(Bloomberg) — Former billionaire entrepreneur Samuel Wyly will have to move out of his $12 million Texas mansion unless he miraculously wins a "home run" appeal of a fraud case in Manhattan, a federal judge ruled.
The ruling Wednesday by U.S. Bankruptcy Judge Barbara Houser in Dallas was a victory for the U.S. Securities and Exchange Commission and the Internal Revenue Service, which challenged Wyly's attempt to keep the property under a Texas homestead law intended to keep people from winding up homeless after filing for Chapter 11 protection. Houser also rejected Wyly's attempt to shield $249 million in offshore annuities, perhaps a bigger setback, as the 81-year-old seeks to avoid becoming destitute when the case eventually ends.
Wyly's lawyer, Josiah Daniel, said the ruling wasn't significant and declined to comment further.

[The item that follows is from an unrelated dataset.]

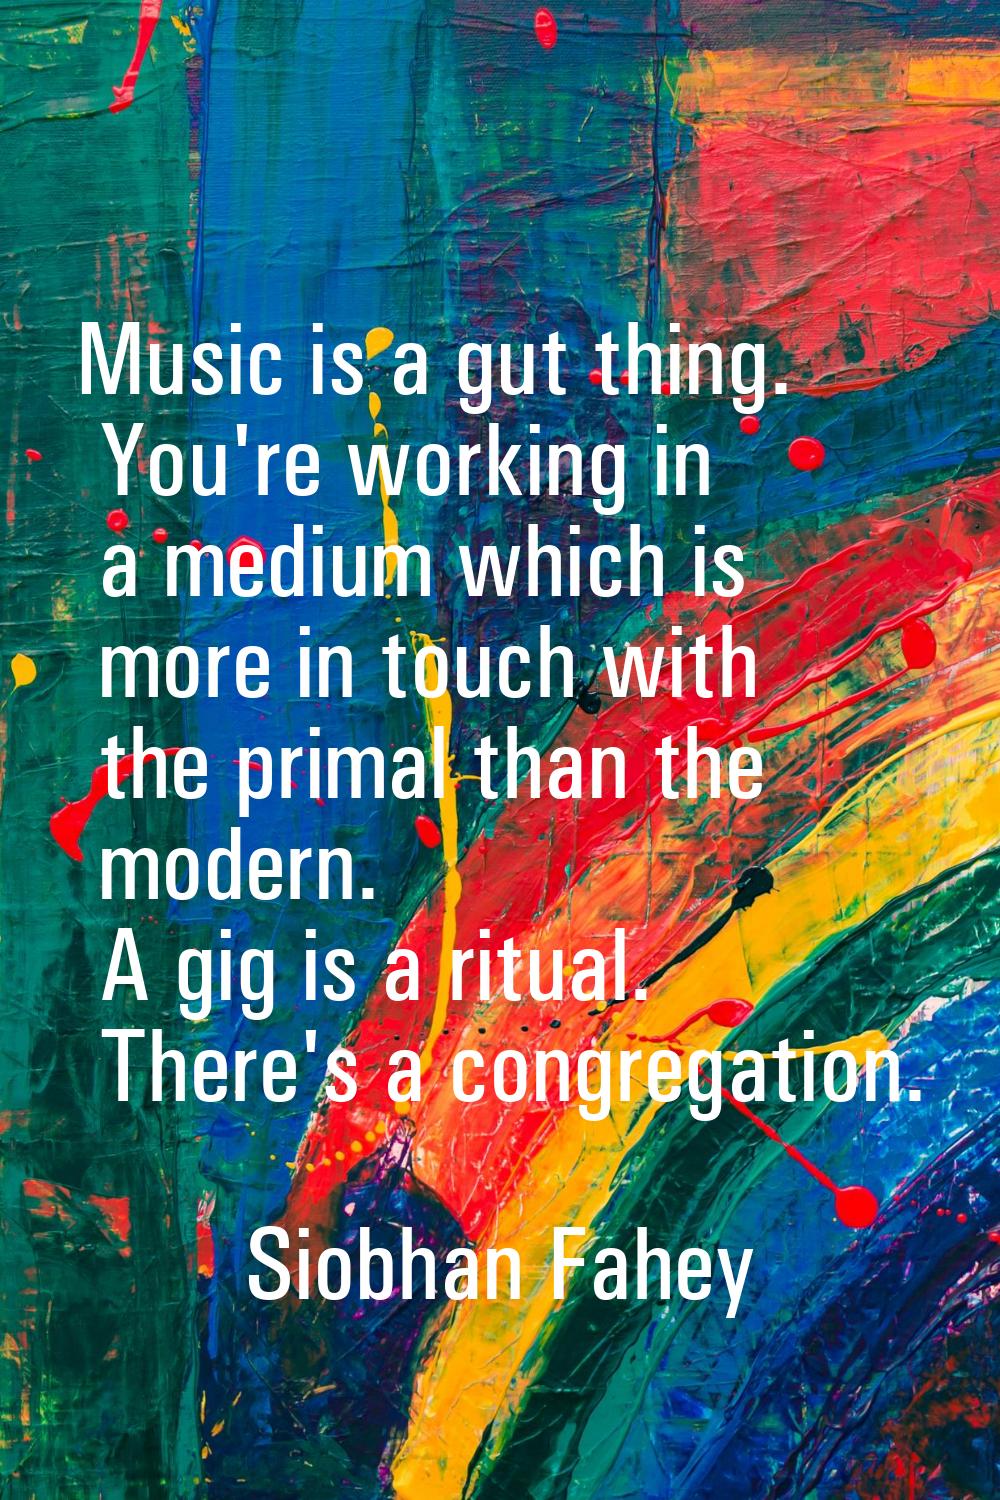 Music is a gut thing. You're working in a medium which is more in touch with the primal than the mo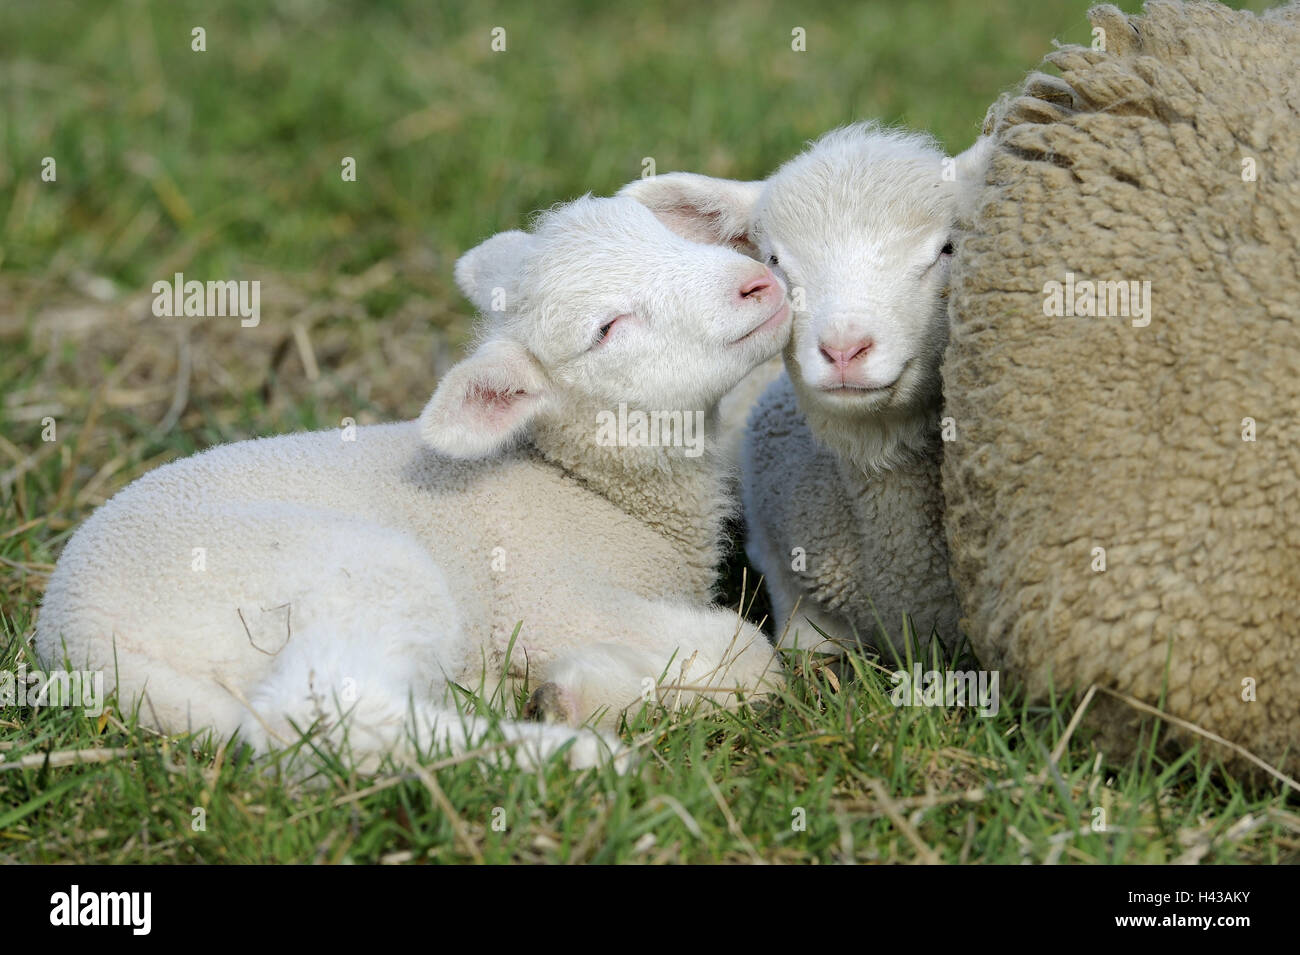 Meadow, merino sheep, mother animal, lambs, nestle up, lie, detail, animals,  mammals, benefit animals, sheep, Schafrasse, land sheep, merino, young  animals, pasture, outside, agriculture, cattle breeding, keeping pets,  suture, security, cuddle, instinct

Wyly and his brother's widow, Caroline "Dee" Wyly, filed for bankruptcy after the SEC in 2014 prevailed in a federal trial in New York accusing the brothers of using a web of offshore funds to hide hundreds of millions of dollars as they got rich building companies including the arts-and-craft chain Michaels Stores Inc. Charles died in a car accident in 2011.
Houser, tasked with setting the amount of the agency's claims after the SEC victory, ruled earlier this week that Wyly and his late brother's estate owe the IRS a total of $1.1 billion.
The agencies in March had balked at Wyly's attempt to keep the "urban homestead" property, which is under 10 acres, calling it "astonishing" that he'd cling to a home worth 57 times the average cost of a single-family house in Dallas.